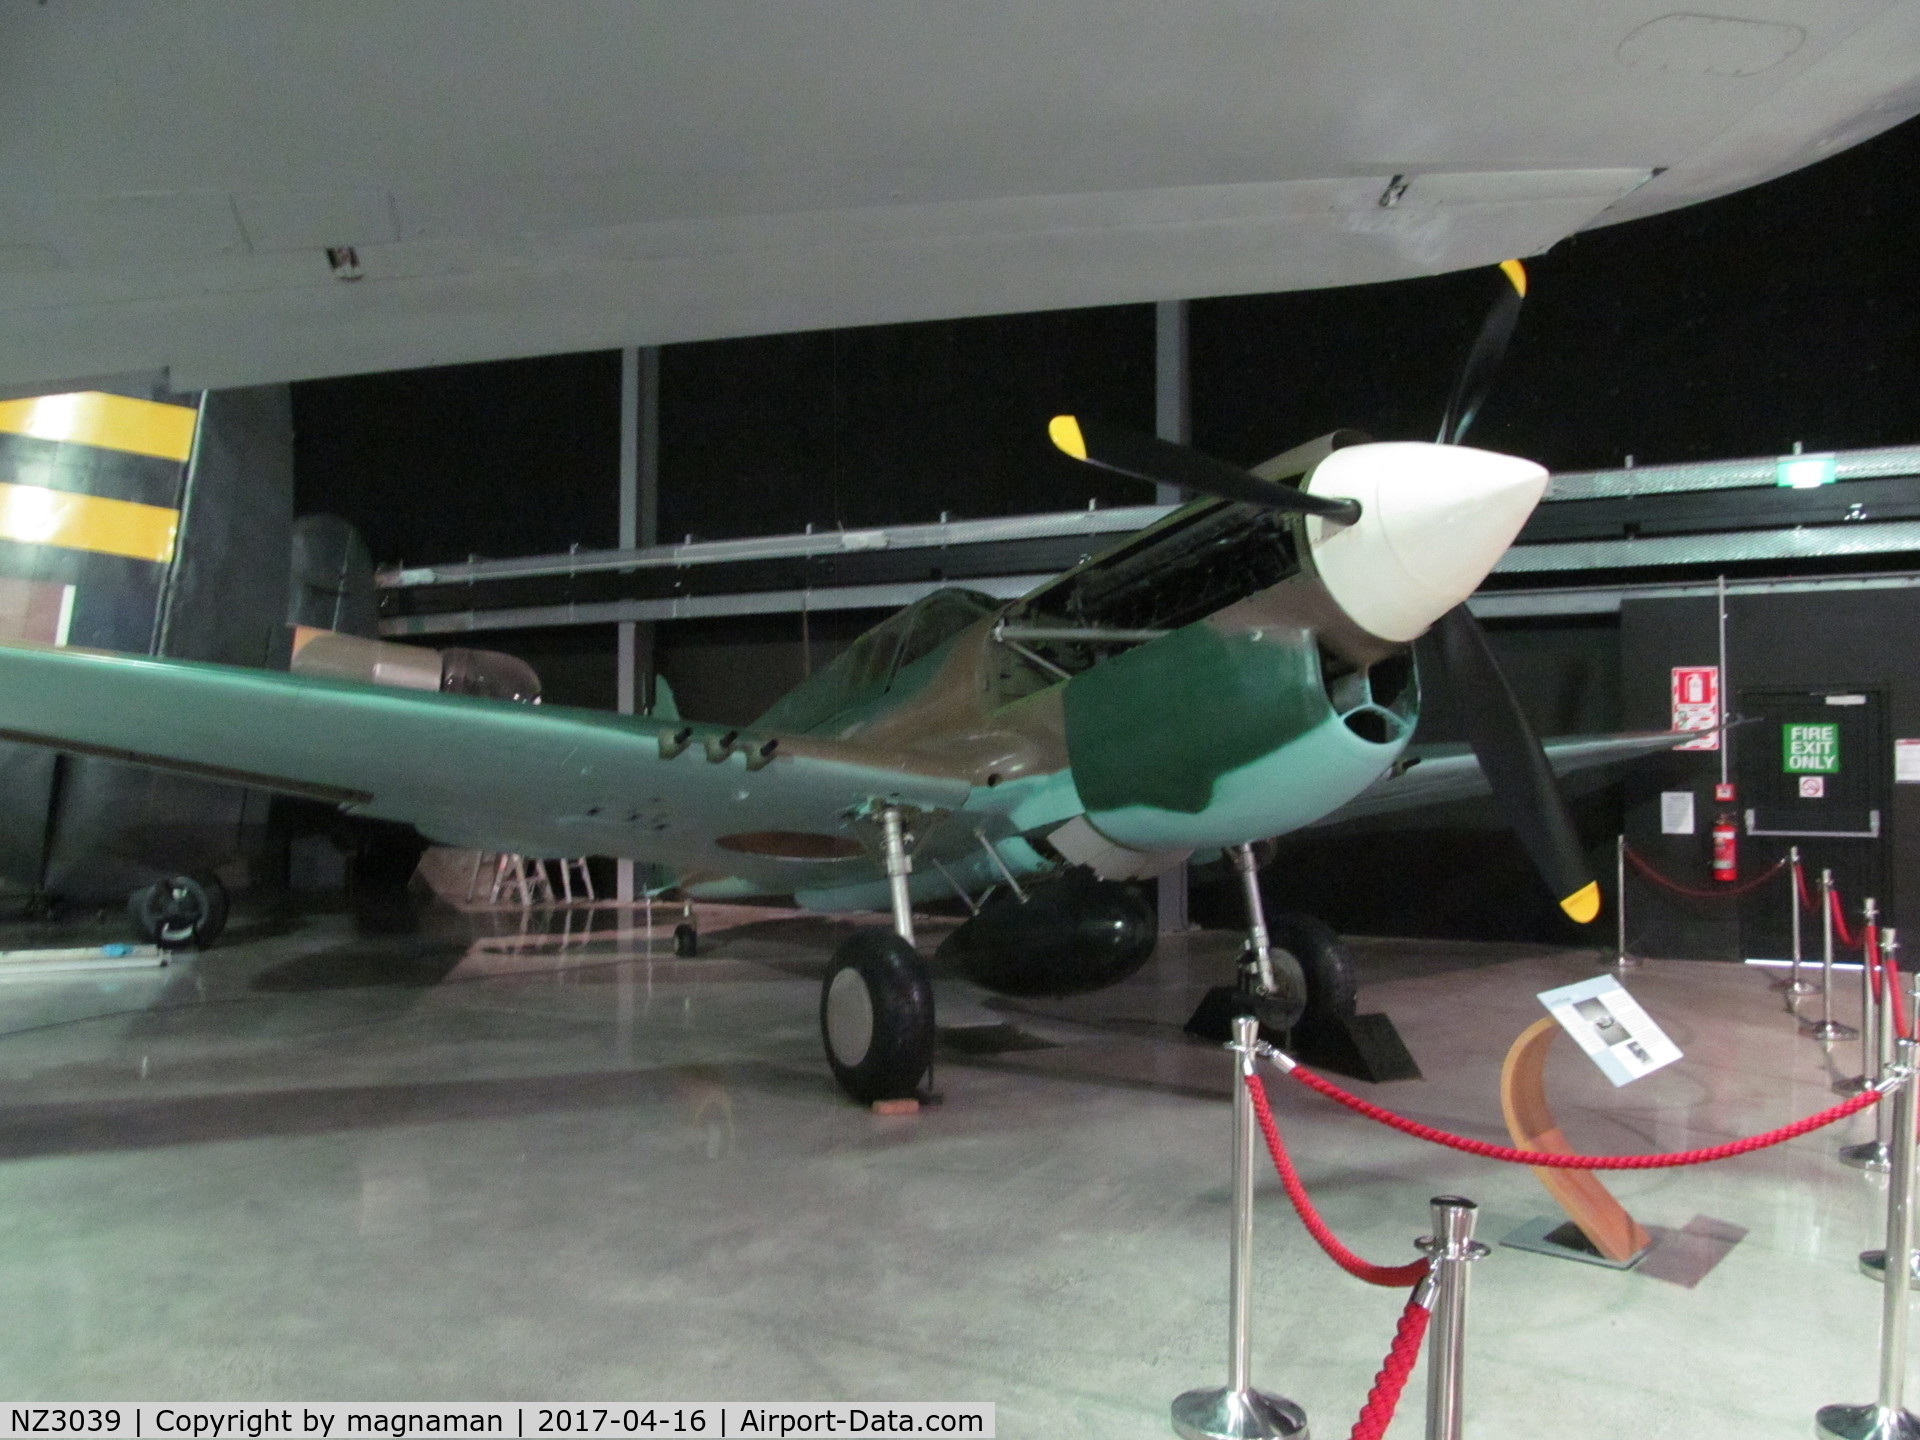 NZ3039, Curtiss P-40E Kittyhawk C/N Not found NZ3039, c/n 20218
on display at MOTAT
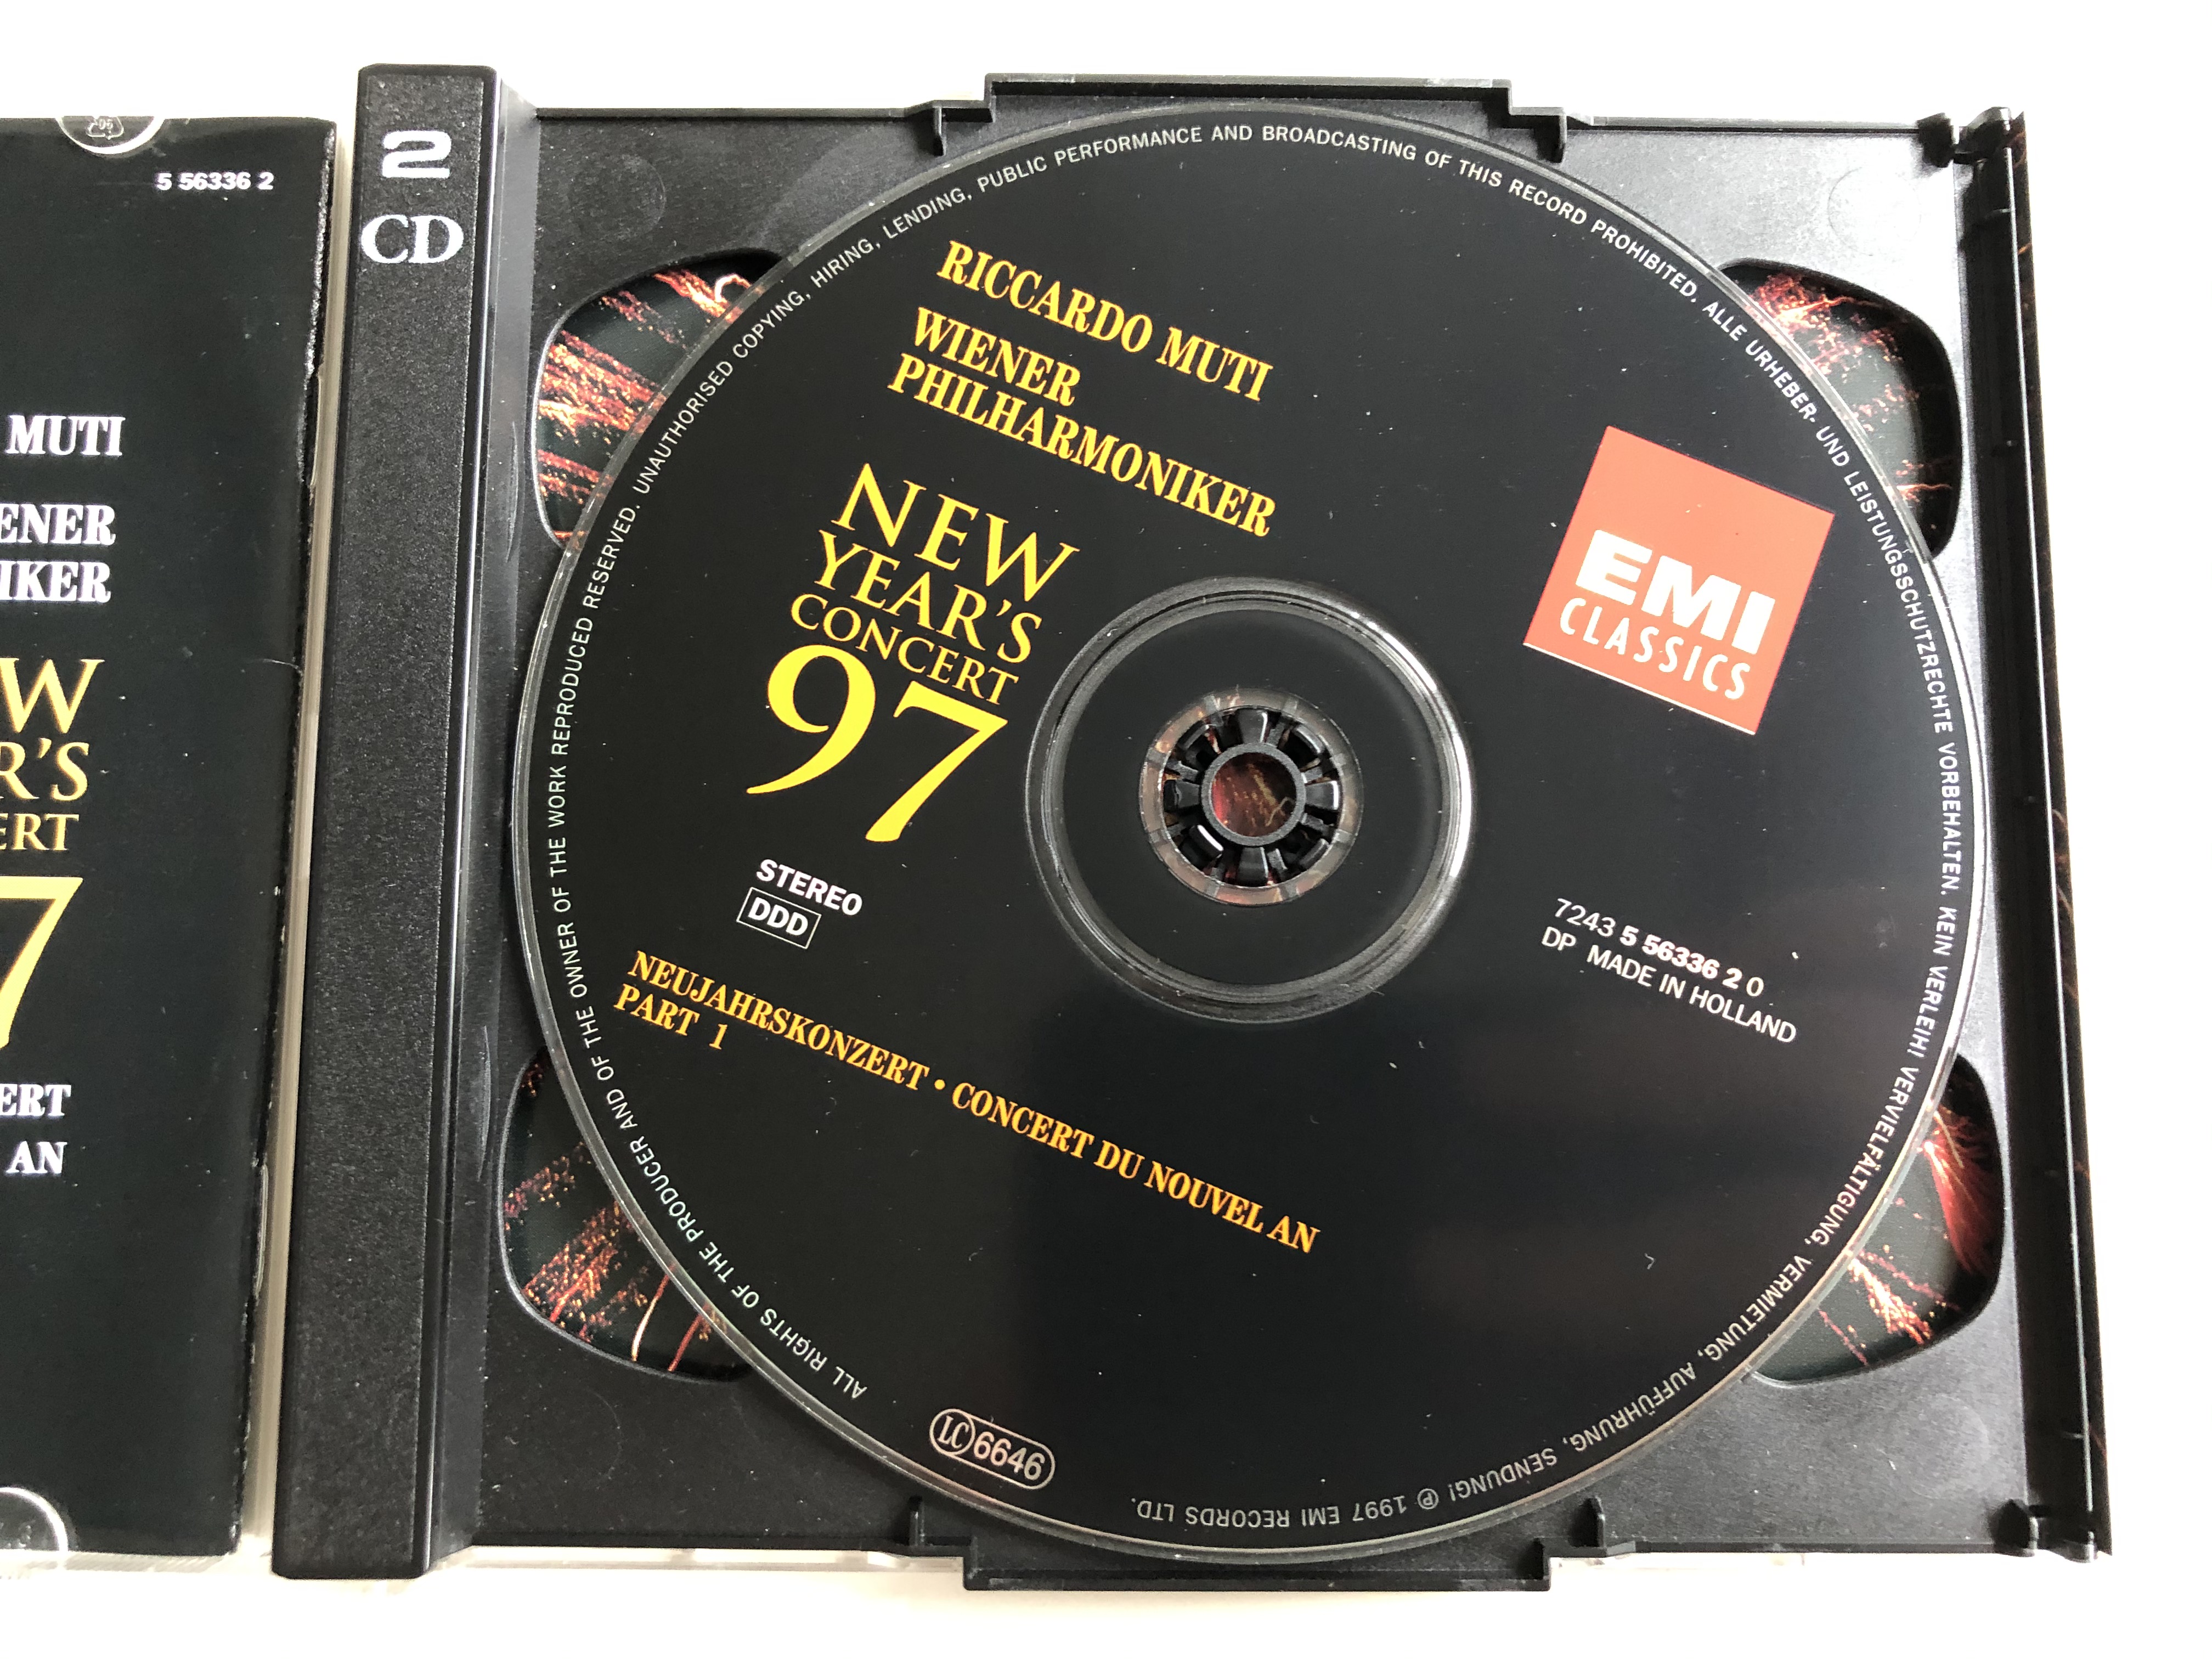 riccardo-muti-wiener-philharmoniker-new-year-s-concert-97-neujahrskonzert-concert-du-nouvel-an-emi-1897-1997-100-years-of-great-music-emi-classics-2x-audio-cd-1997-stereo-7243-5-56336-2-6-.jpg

### What to do
Word for word, restate the material above; do not carry over the pictures.

### Output below
 NZ3039, Curtiss P-40E Kittyhawk C/N Not found NZ3039, c/n 20218
on display at MOTAT
 riccardo-muti-wiener-philharmoniker-new-year-s-concert-97-neujahrskonzert-concert-du-nouvel-an-emi-1897-1997-100-years-of-great-music-emi-classics-2x-audio-cd-1997-stereo-7243-5-56336-2-6-.jpg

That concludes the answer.